The lifecycle, and the manager

Every interaction moves through a defined sequence of states so both sides always know where it stands:

sequenceDiagram
    participant R as Requester
    participant T as Target
    R->>T: Interaction(action, streams, num_steps)
    Note over T: received, then running
    loop each tick, num_steps times
        T->>T: run one step (read stdin, act, write stdout)
    end
    T-->>R: completion status (+ optional callback)

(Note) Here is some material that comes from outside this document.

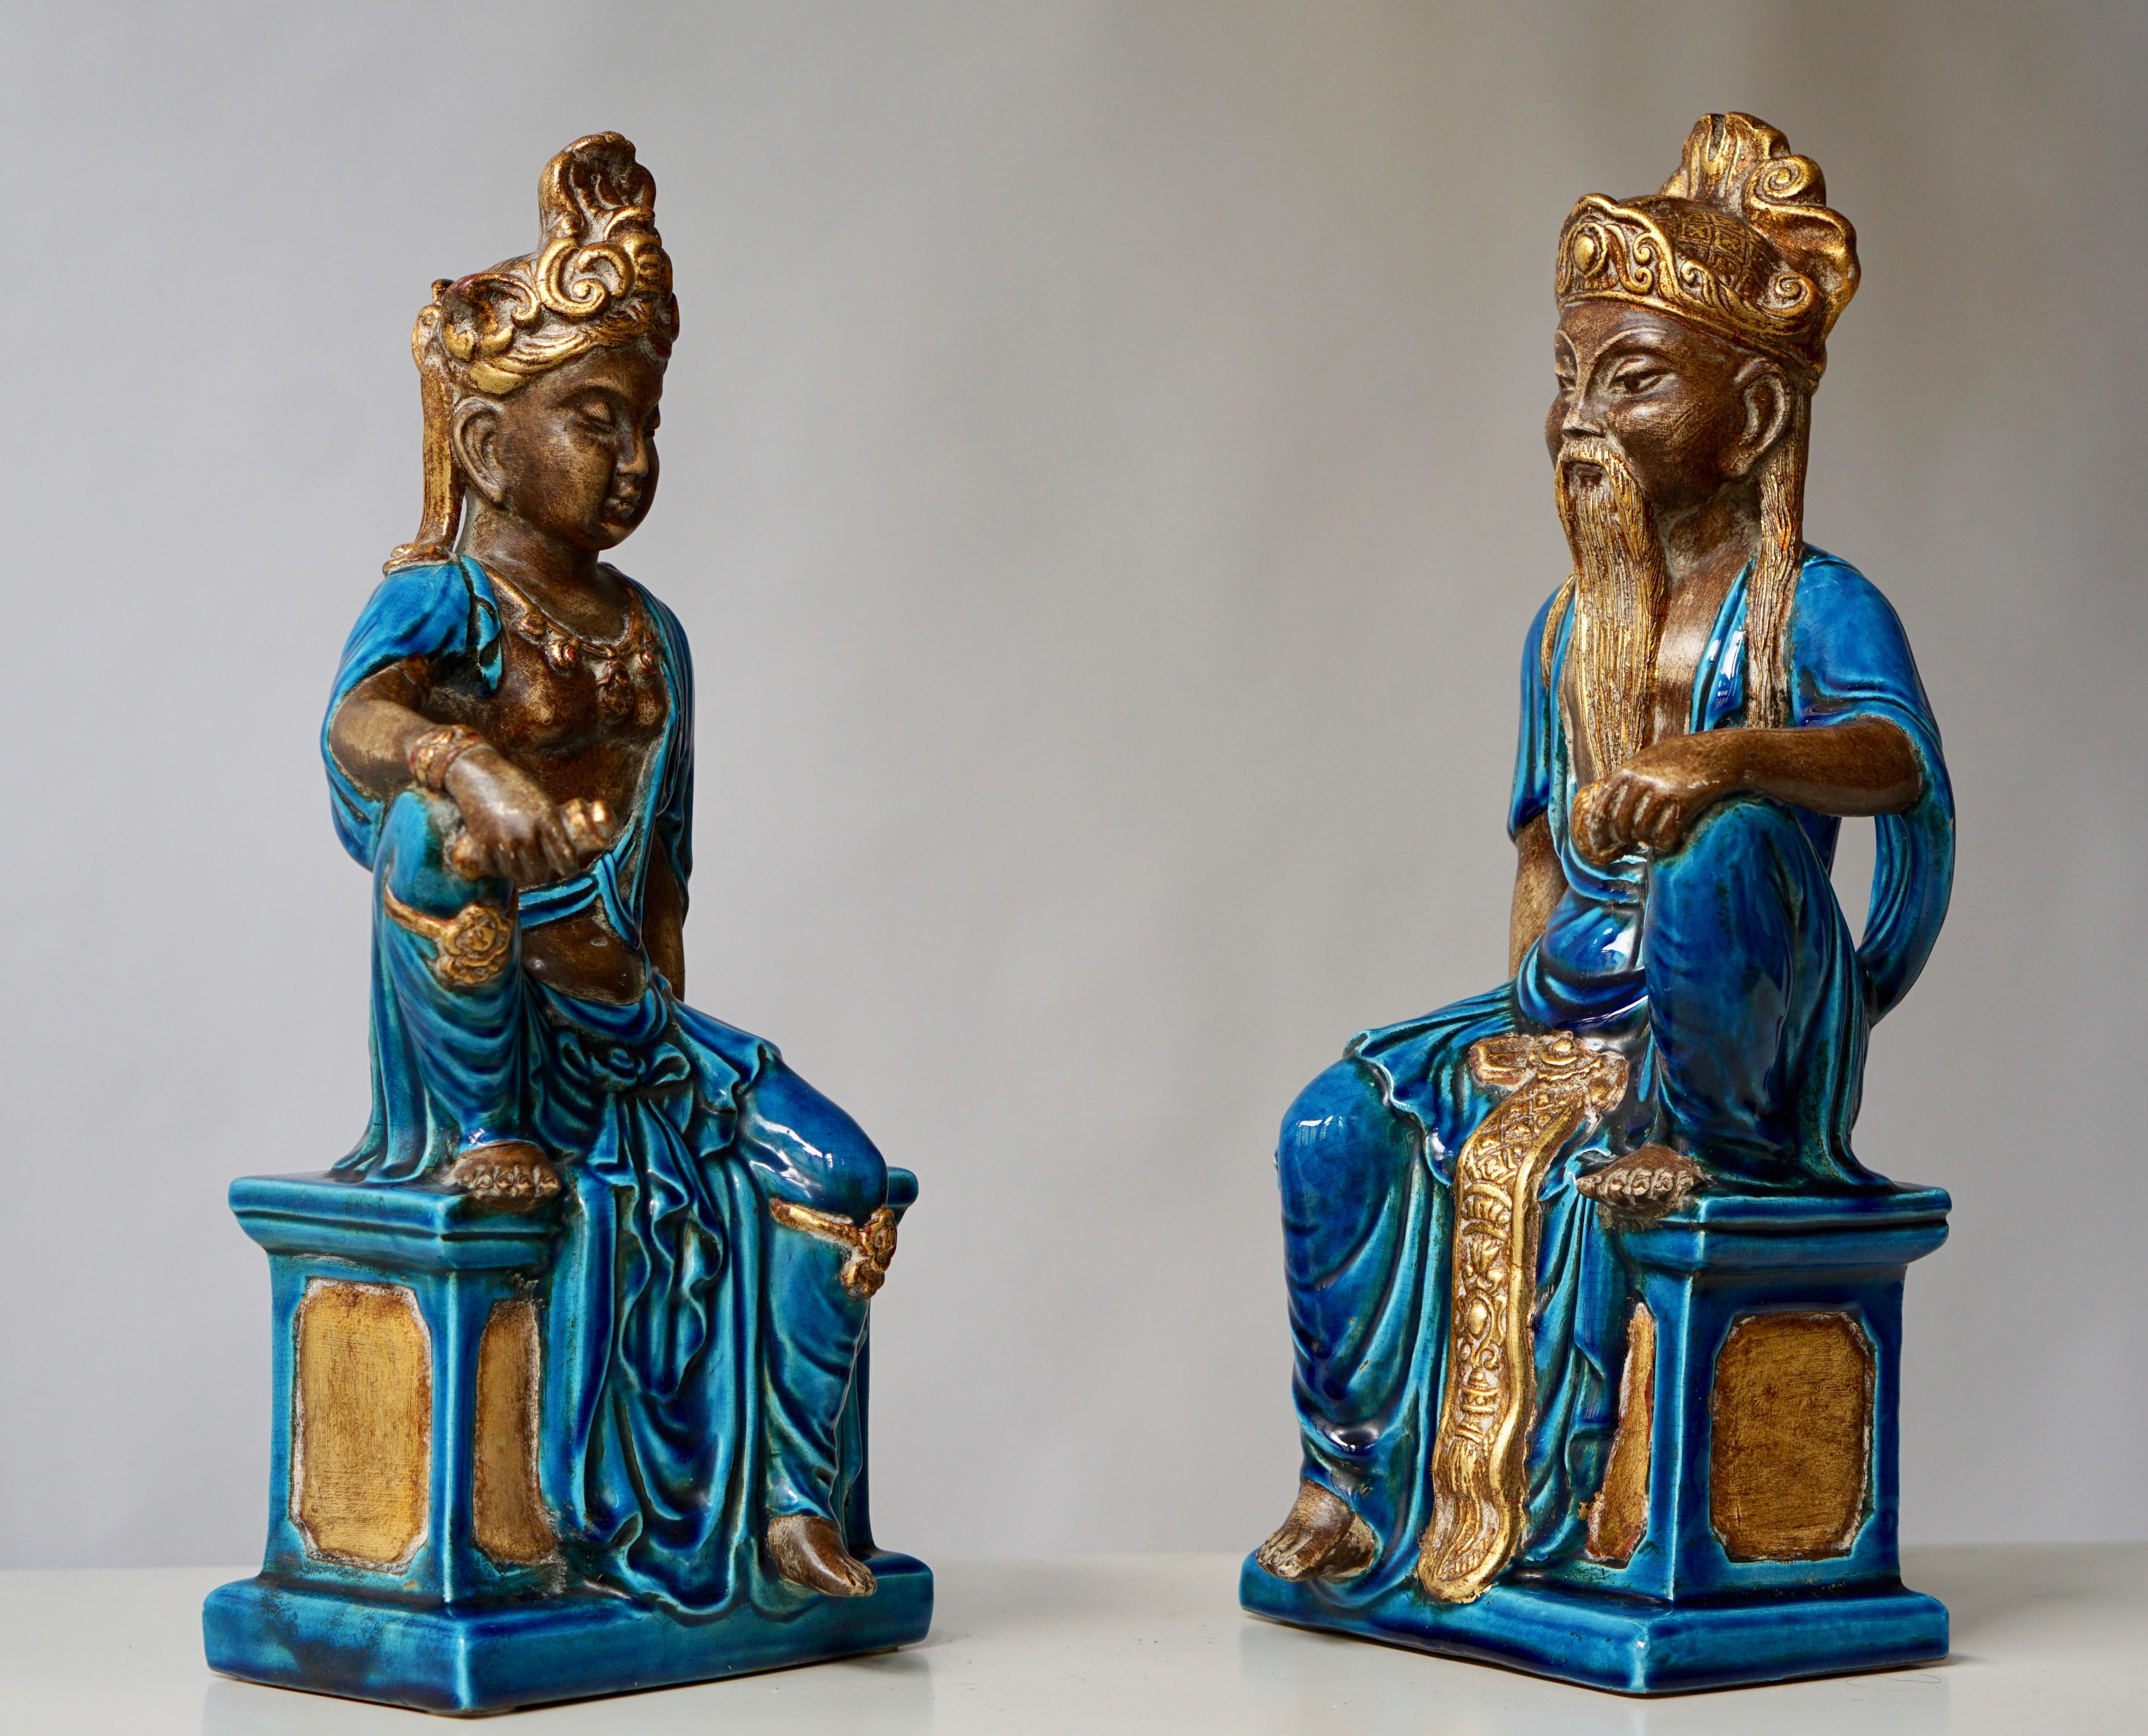 Pair of ceramic figurines by Ugo Zaccagnini.
Italy, 1960s.

Internally an interaction is created, then requested (on the sender) or received (on the target), then running, then completed with a reason (ok, timeout, rejected, disconnected). You never drive this by hand: each agent's InteractionManager registers interactions, matches their streams to the routing slots, applies timeouts, advances them every tick, and fires callbacks on completion. Your job is to call send with the right options; the manager does the rest.

Focus · when does a received request actually get to run?

On the target, an interaction does not run the instant it arrives. Every tick the manager asks whether it is doable, and it is doable only when three things hold at once:

  1. it is not already completed;
  2. the requester is a known agent (you cannot be driven by a peer you are not connected to); and
  3. all of its bound streams carry fresh data, a sample the target has not yet consumed for this interaction.

Point 3 is why nothing fires on a tick where no new sample has arrived: the request waits, harmlessly, until there is something to act on. Combined with the ready=False acceptance rule above, this is the whole story of why a request runs when it does: the right state must accept it, and there must be fresh data to feed it. Everything else, the timeouts, the per-target completion tracking, the callbacks, the manager handles so your send stays a single line.

What just happened

You can now read any send in the examples and know what travels where: whether it runs an action or pushes data, which streams bind to which slots, how many steps it spans, and how completion comes back. That is the language the whole next half of this path speaks.